= Urrbrae Wetland =

Urban wetland in South Australia

Urrbrae Wetland

The Urrbrae Wetland is a constructed urban wetland in the Australian state of South Australia located in the suburb of Urrbrae in the Adelaide metropolitan area. It was constructed to manage flood water from the nearby Adelaide Hills and has been developed to provide ecological and educational benefits. The wetland covers approximately 6 hectares of land which is onsite of Urrbrae Agricultural High School. The area of water is approximately 4 hectares and when full, contains approximately 13.5 million litres of water.

== Description ==

Wetland and Adelaide Hills

The wetland consists of four ponds: the main pond, two sedimentation ponds and the farm dam. The main pond is clay lined and is designed to be kept filled to prevent drying out and cracking. The farm dam is synthetic lined and is used to top up the main dam when water levels are low. In an average year about 400 million litres of storm water passes through the wetland each year.

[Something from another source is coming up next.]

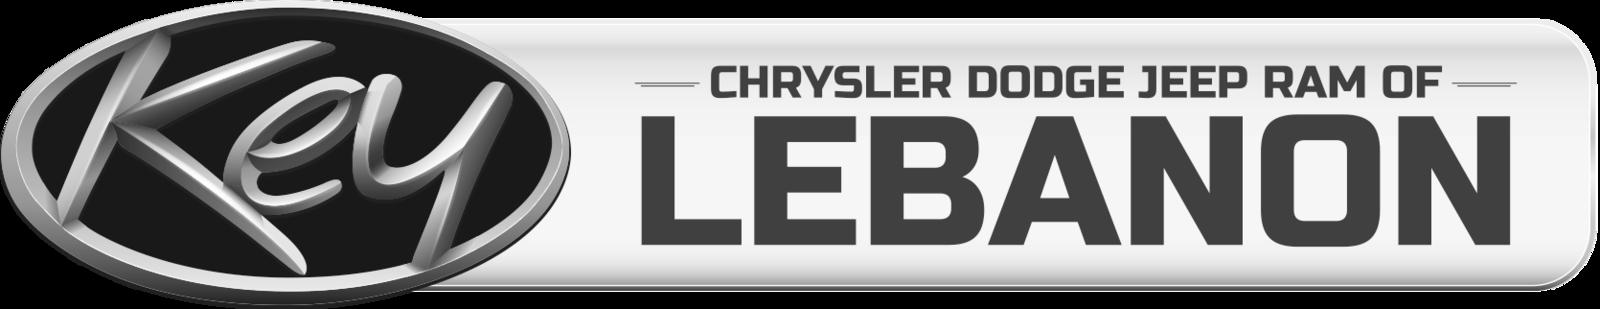 Key Chrysler Dodge Jeep Ram Of Lebanon Lebanon Nh Lee

When the wetland is full it contains about 13.5 million litres of water from a catchment of approximately 380 hectares.
Although it is not a true wetland, it serves a useful function in the cleansing of the stormwater via natural cleaning process including:

- The water flow is slowed down
- Sand and other sediments fall to the bottom
- Heavy metals, salts, bacteria etc "stick" onto the falling sand particles
- Reeds, sedges and other plants along the shores filter out much of the salts and heavy metals.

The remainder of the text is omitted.